「すべての人は、すごい可能性を秘めている」と信じる大野と、「多くの人は目的などなくただ存在しているだけ」と断ずる安田。人間の本質とは何か。人は何のために生きているのか。300文字限定の交換日記による言論バトル。
52通目/大野からの返信
「未来を切り開く唯一の道」
勘違いさせてしまったたようです。自己肯定感は世間的な物差し、基準、尺度の話じゃない。ポジティブでも無理矢理に思い込むと言う次元でもない。本然的可能性の話。誰にでも何にでもなれる可能性はある。しかし、それは必ず何にでもなれることを意味しない。だからって、なれるものを探すのではお話にならない。つまり、なりたいものに進む過程の中でのみ結果的に「なるべきもの」になっていく。
僕の独断と偏見ですが、未来を切り開く唯一の道は、得たい理想を描き、その描いた理想に相応しい自分になること。これしかない。それが自分と向き合うということ。大理石の塊の中にいる理想の自分を覆っている石の部分を削っていく作業だ。
前回51通目/安田「自分を変えるとは何か」
人は知らず知らずのうちに自己暗示をかけている。その通りだと思います。で、大野さんは「私はできないヤツだ」という自己暗示を「私は何だってできる」という自己暗示に変えようとしている。ポジティブになるのはいいことですし、それを全否定するつもりはありません。ただしポジティブなだけでは足りない。そのポジティブさを何に生かすのか、どう生かすのかが重要なのです。そのためには何が必要か。それこそが己を知るという行為です。私はどういう人間なのか。何に向いているのか。何をやったらより私が生かされるのか。己をいじるのではなく、己を見ているもうひとりの己を成長させていく行為。それが自分を変えるということ。
ー安田佳生より
前々回50通目/大野「現実を変えたければ、鏡をいじってもダメ」
自己否定なき自己肯定は、自分から目を背ける行為。まさにその通り。何を隠そう僕の仕事は自分と向き合って頂く事をサポートしているのですから。
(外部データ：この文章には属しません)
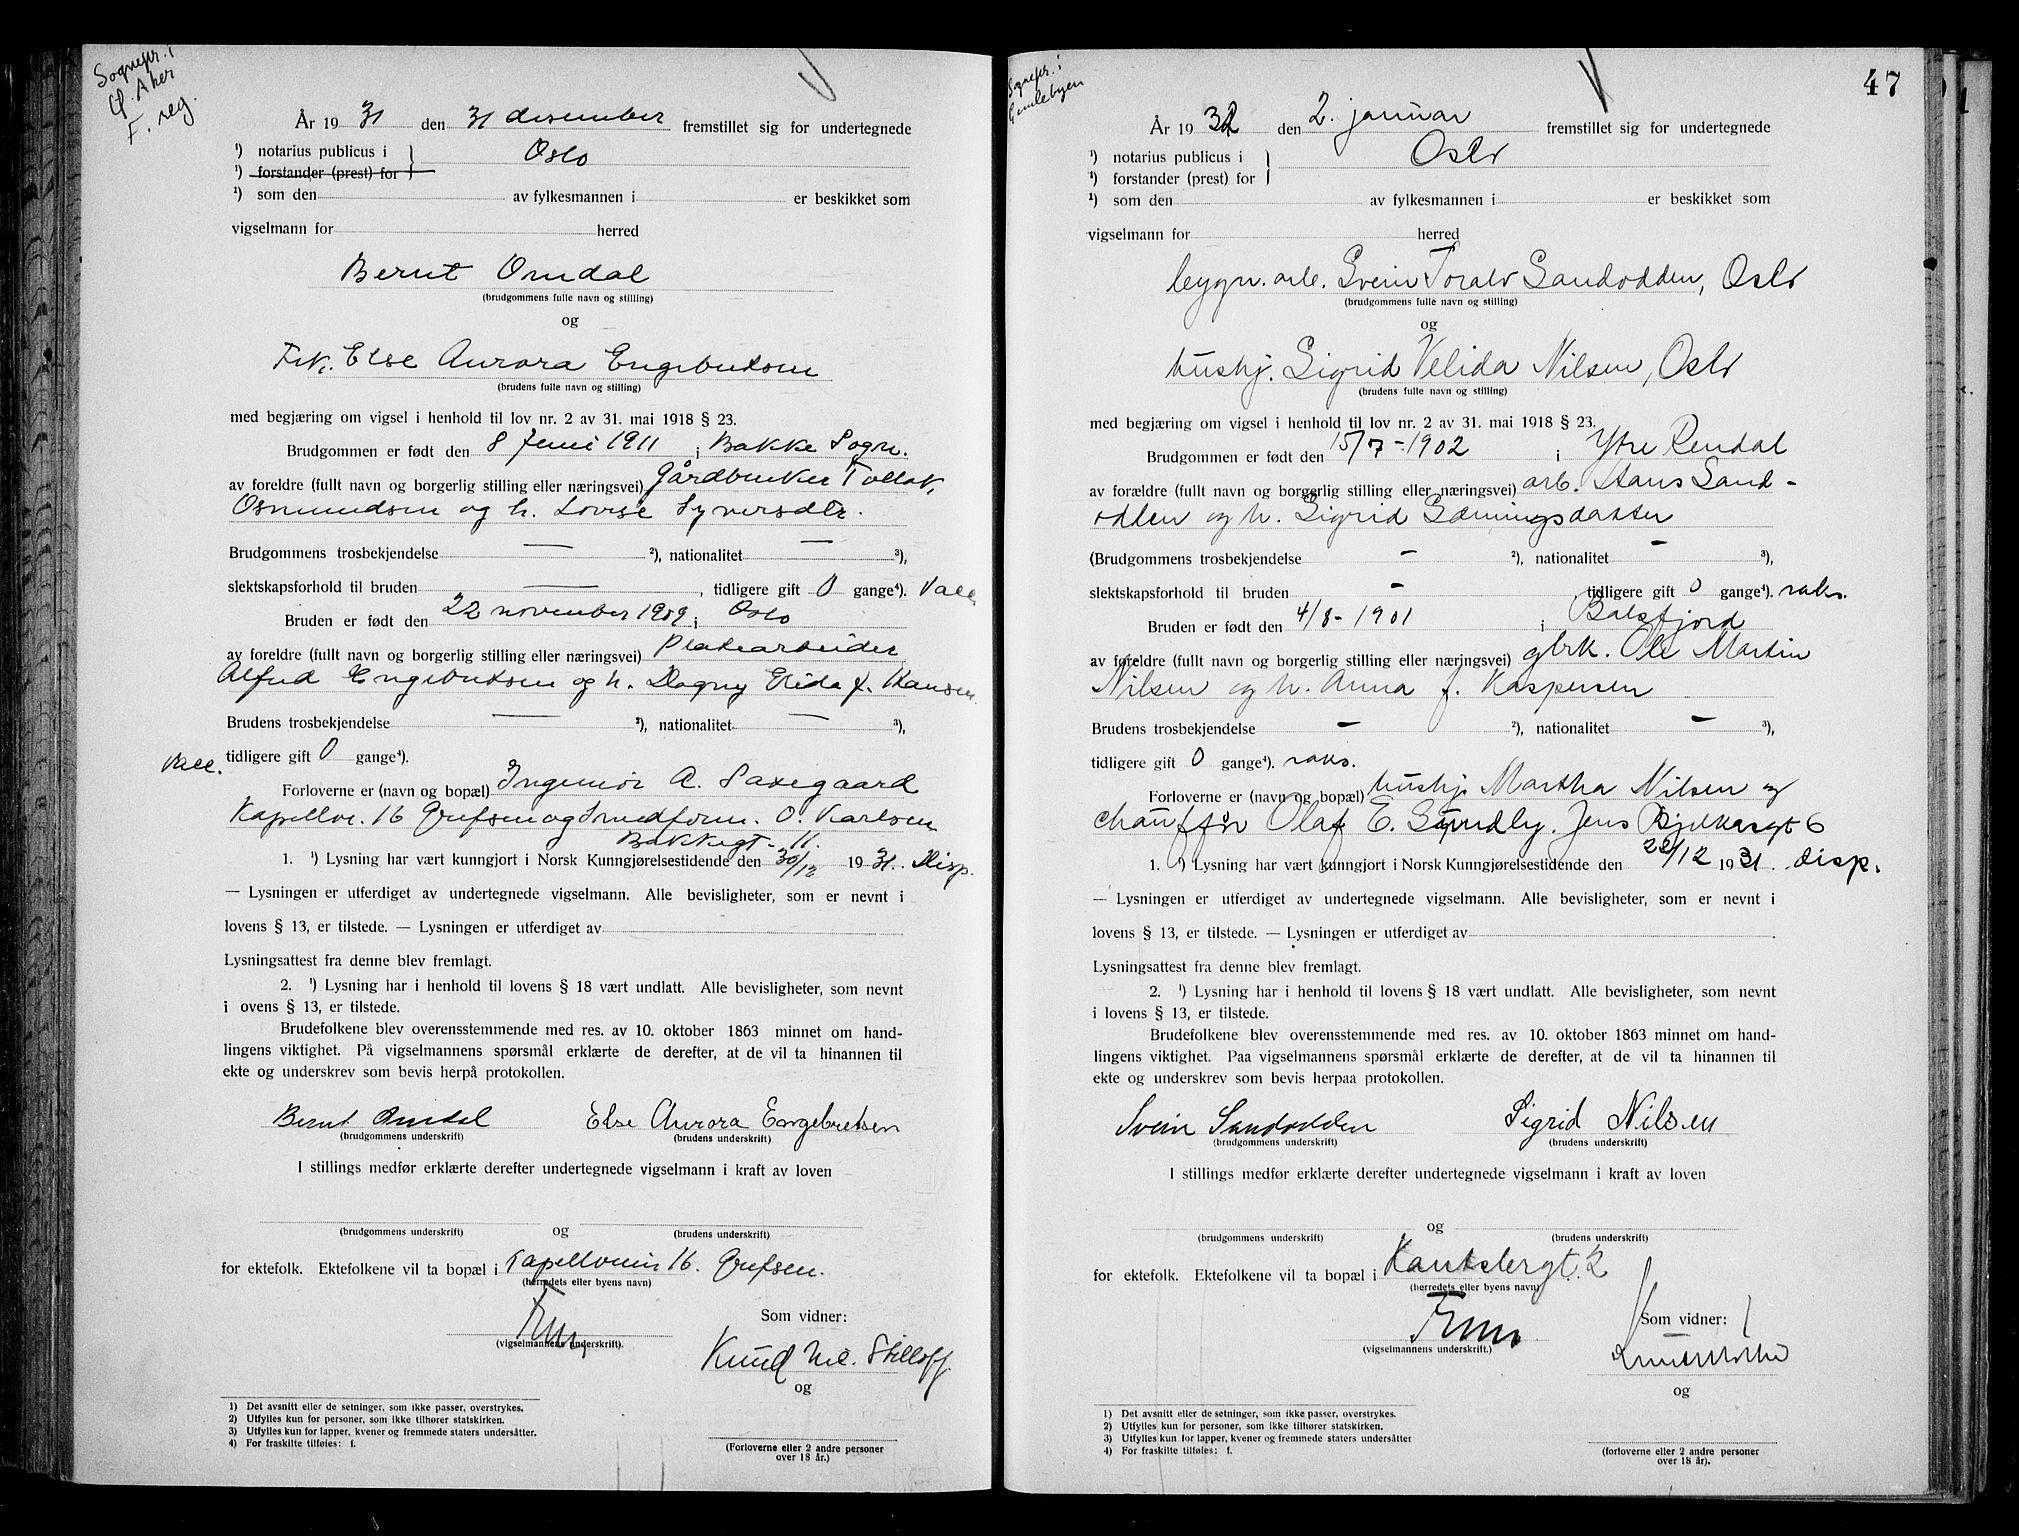 SAO, Oslo byfogd avd. I, L/Lb/Lbb/L0021: Notarialprotokoll, rekke II: Vigsler, 1930-1932, s. 46b-47a

まず、可能性の立場に立つ事と自己肯定や自己否定の話はまた別の話。何かになれると信じこむ事とも本当は少し違います。ただあえて露骨に極端にそれに乗っかると、どの道ですよ、安田さんだって僕だって自分に、知らず知らずのうちに意図せず自己暗示をかけている。だからこそ、その暗示された自己を見つめ解放していく必要がある。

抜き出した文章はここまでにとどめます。